Over the last two decades, China has become the world’s largest exporter, but over the last month, it has seen a dramatic reduction in its manufacturing Purchasing Manager’s Index (PMI) to 37.5, its lowest reading since 2004. This drop implies a two percent reduction in output on an annual basis and is a direct consequence of the spread of the coronavirus. Currently, about 20 percent of global trade in manufacturing intermediate products originates in China (up from four percent in 2002).

Source: National Bureau of Statistics of China

So far the epidemic has caused an estimated drop of about $50 billion. The most affected sectors include precision instruments, machinery, automotive and communication equipment. For many companies, the limited use of inventories brought by a lean and just-in-time manufacturing process would result in shortages that will impact their production capabilities and overall exports. 

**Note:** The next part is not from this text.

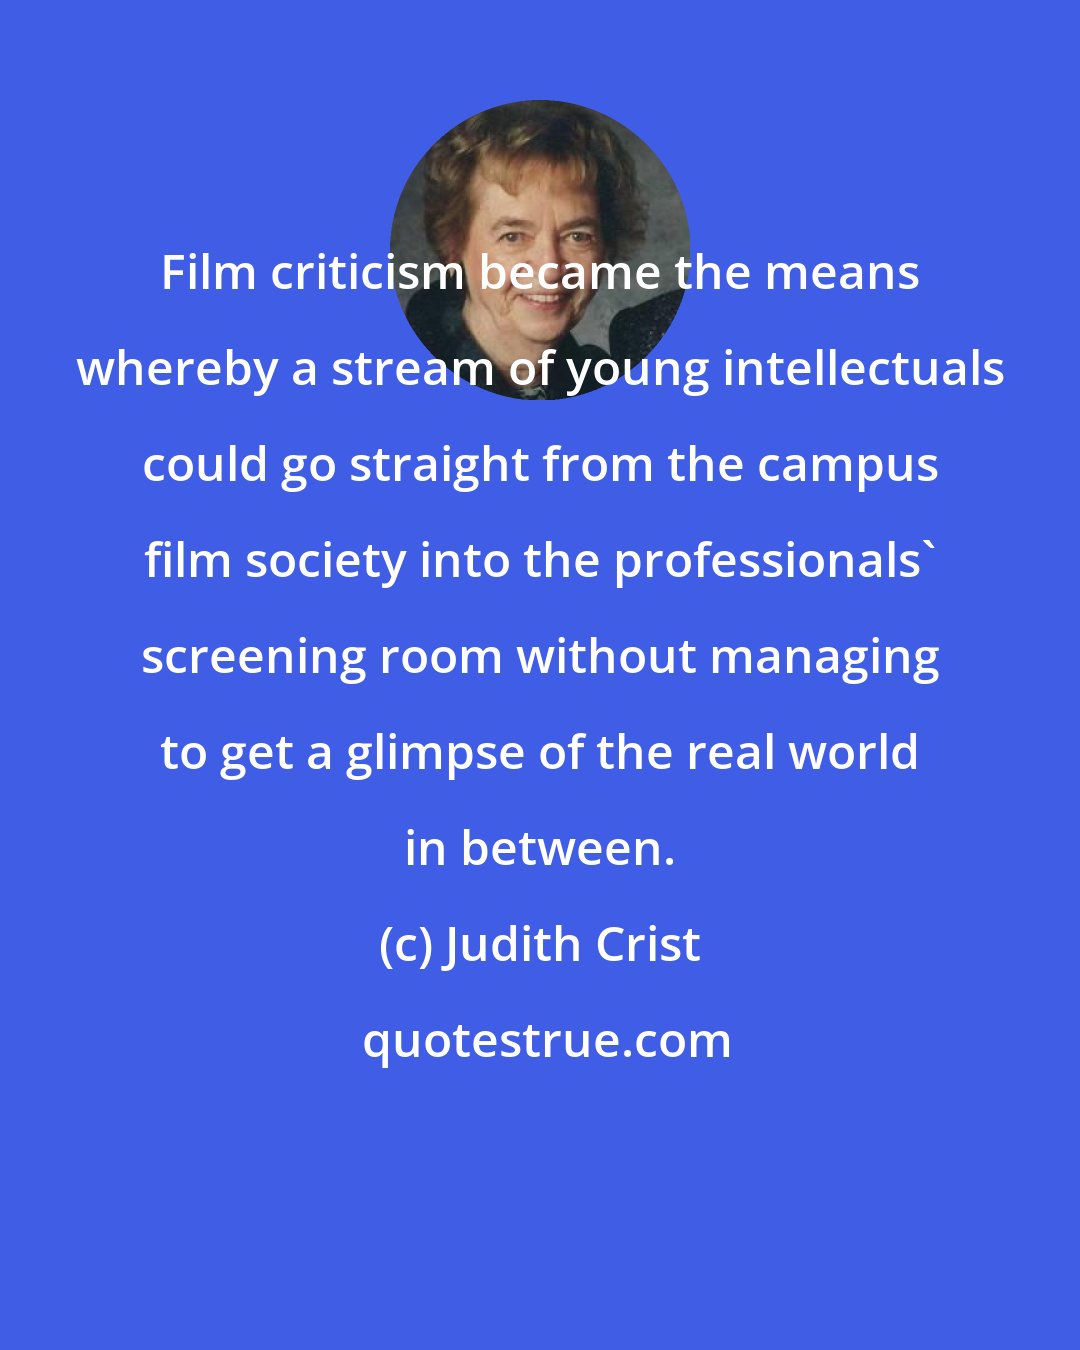 Judith Crist: Film criticism became the means whereby a stream of young intellectuals could go straight from the campus film society into the professionals' screening room without managing to get a glimpse of the real world in between.

Container vessel departures from Shanghai were substantially lower in the first half of February with an increase in the second half. However, the Shanghai Containerized Freight Index continues its decline indicating excess shipping capacity and lower demand for container vessels.

Source: MarineTraffic global ship tracking intelligence provider and Shanghai Shipping Exchange.

Separately, Abudi Zein, CEO of ClipperData, has noted in an UNCTAD article that the slowdown in port calls is occurring worldwide, not just in China. "Shipping companies have been reducing scheduled capacity since about August of 2018 on most trade lanes as trade wars slow global demand for cargo capacity. In the second half of January and early February, this drop accelerated significantly. The centrality of China to the movement of goods around the world explains this: if Chinese ports are not loading or discharging containers, there is no reason to stop at the port where the shipment is supposed to go to or come from. The move towards bigger container ships is another important factor at play: a missed port call now has a more profound impact on available capacity."

Zein says: " The epidemic has yet to run its course, but even after the spread subsides and China starts to return to normal business activity, it will take a long time to unwind the stresses inflicted on the world’s trading system. A return to medium and long-term trends in shipping and trade is unlikely before the second half or even fourth quarter of 2020."